------ Information supplied ------

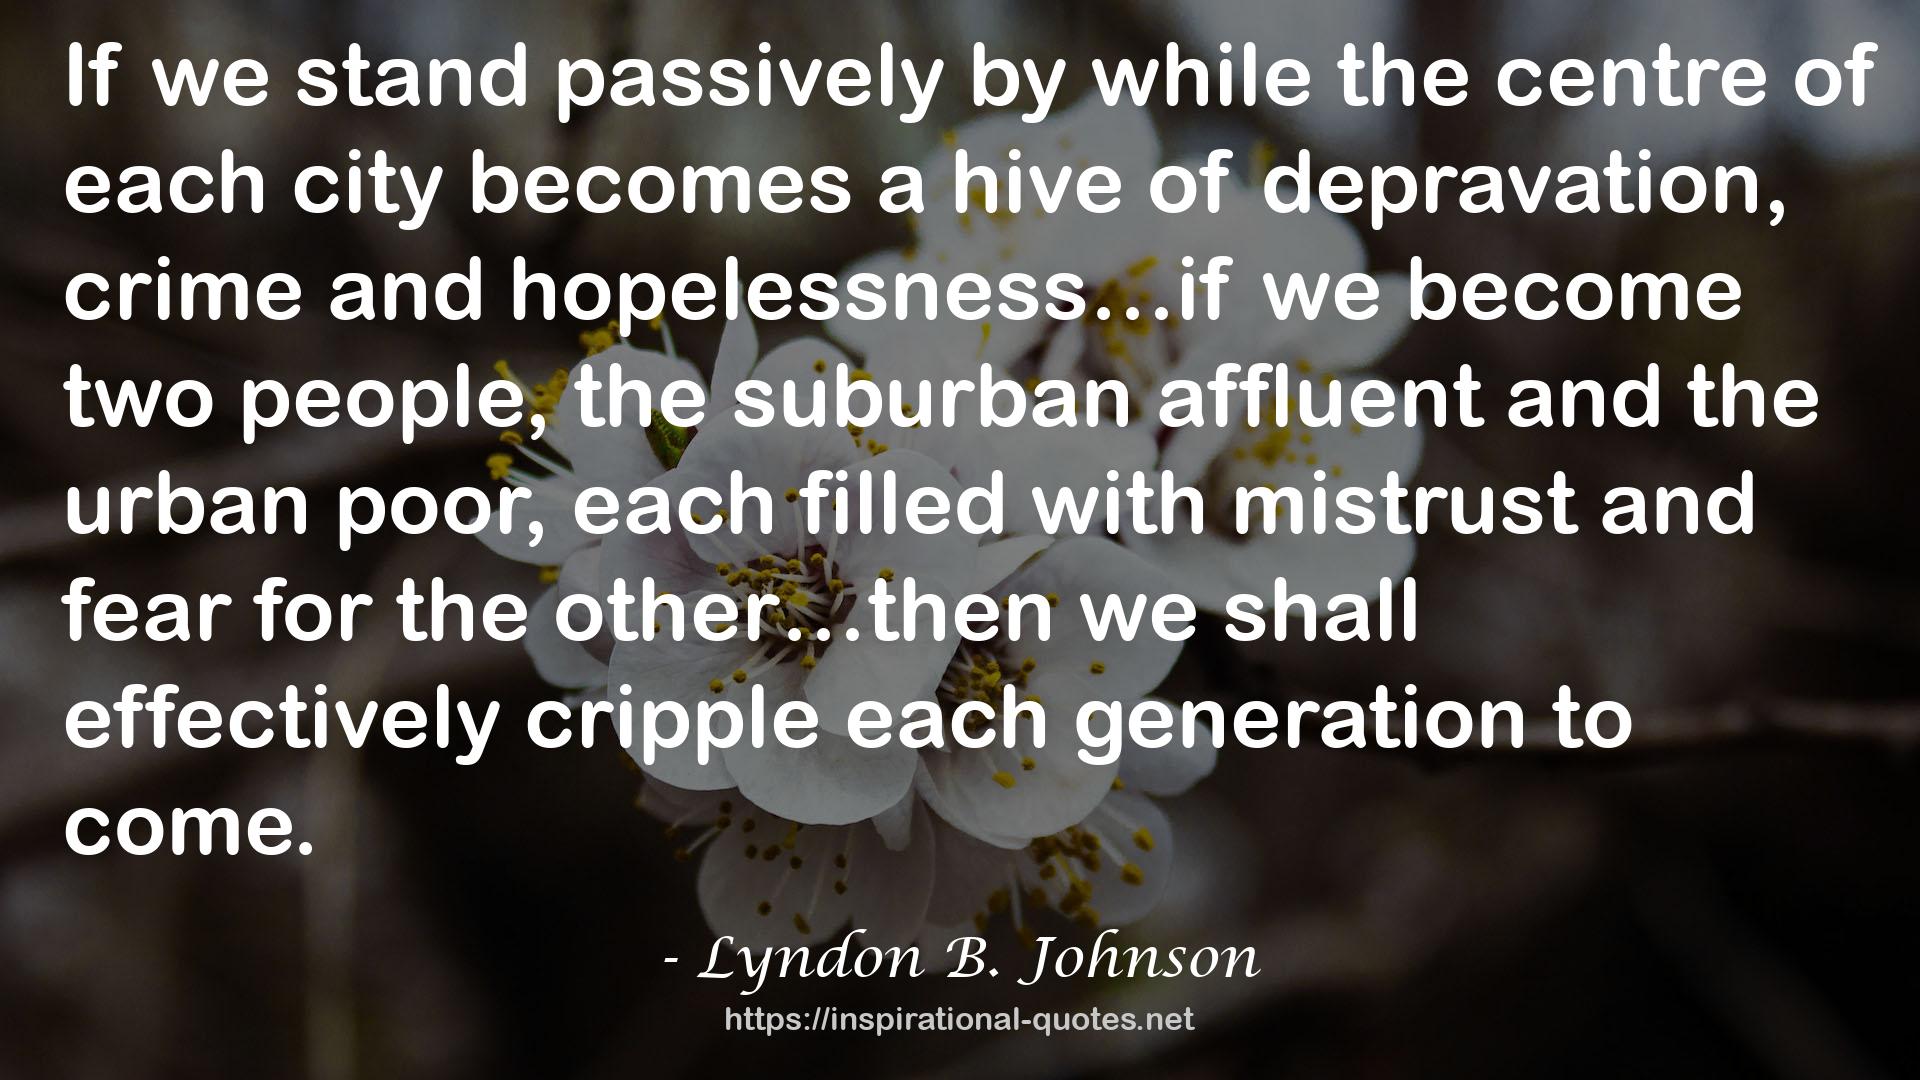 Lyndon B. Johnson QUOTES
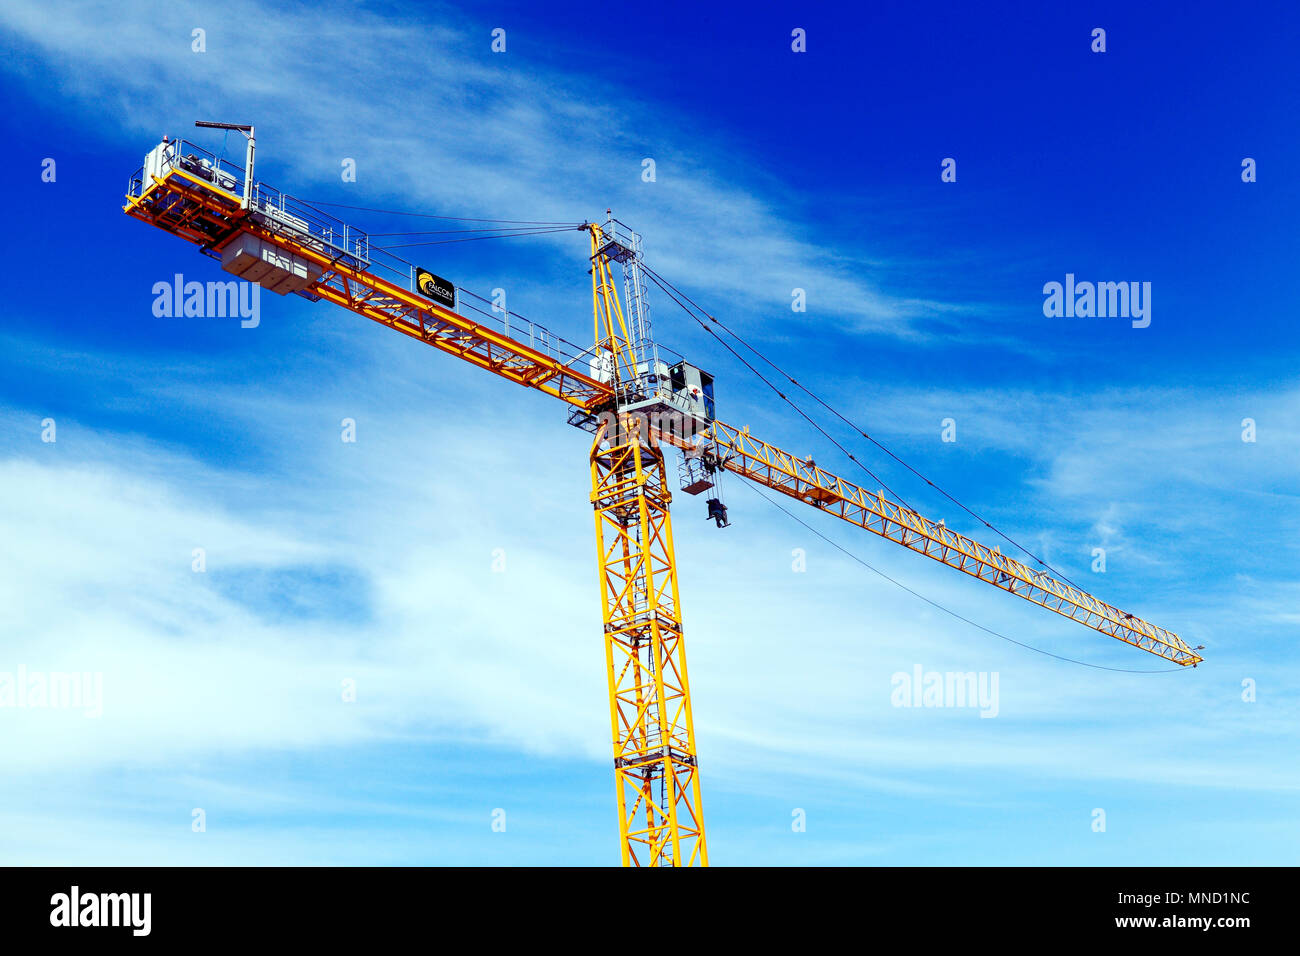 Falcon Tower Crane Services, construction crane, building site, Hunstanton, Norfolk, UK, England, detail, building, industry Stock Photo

------
------ Information supplied ------

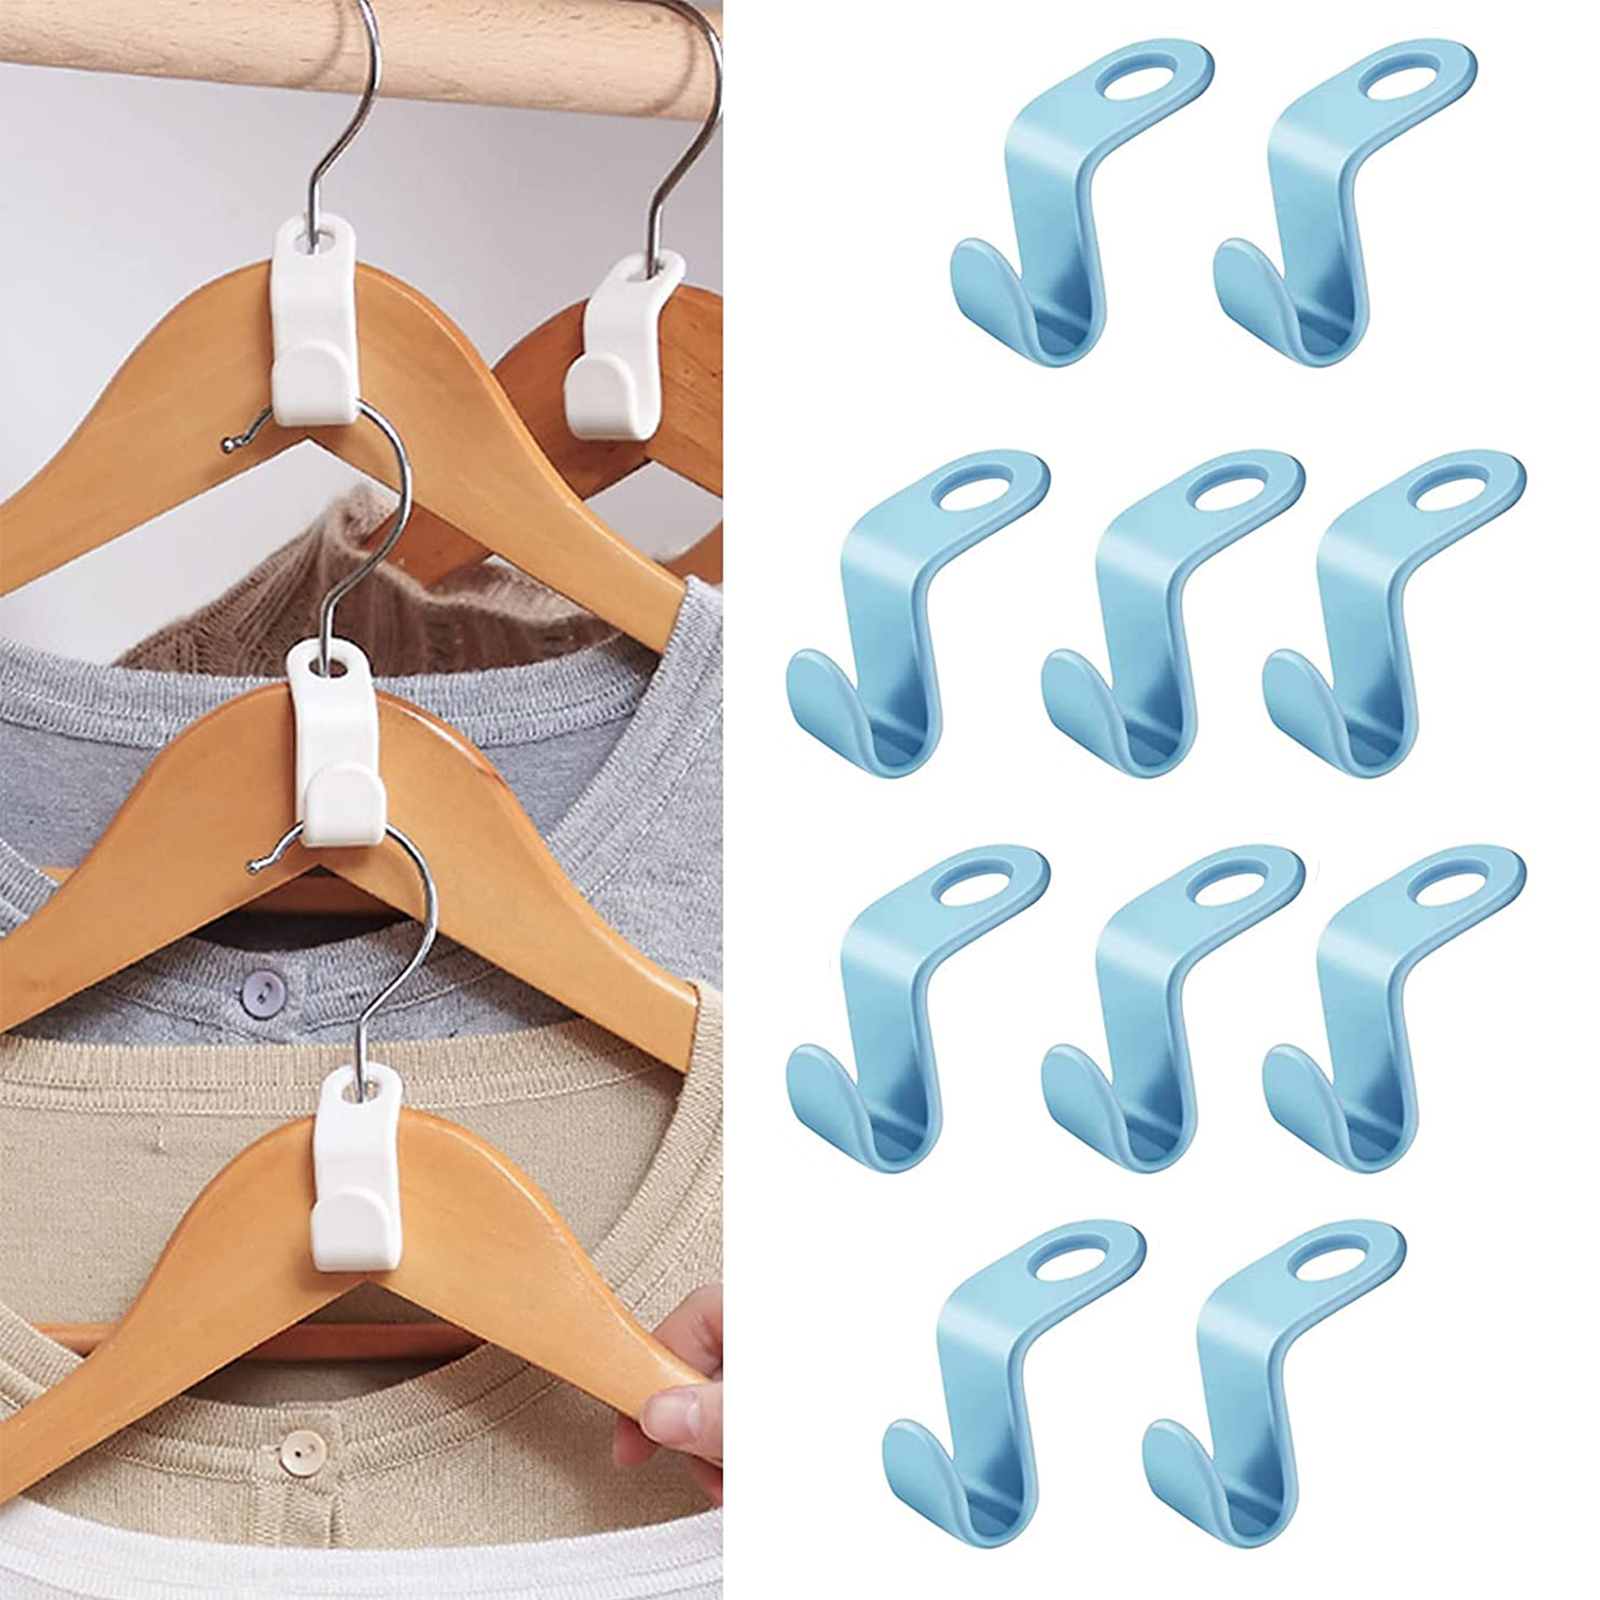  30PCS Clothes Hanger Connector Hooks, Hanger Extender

------

◆ What you need to do ◆
Print the line above containing "Lyndon B. Johnson QUOTES", the line containing "Falcon Tower Crane", and everything between them, exactly as written. Pictures stay out.

◆ Worked solution ◆
 Lyndon B. Johnson QUOTES
 Falcon Tower Crane Services, construction crane, building site, Hunstanton, Norfolk, UK, England, detail, building, industry Stock Photo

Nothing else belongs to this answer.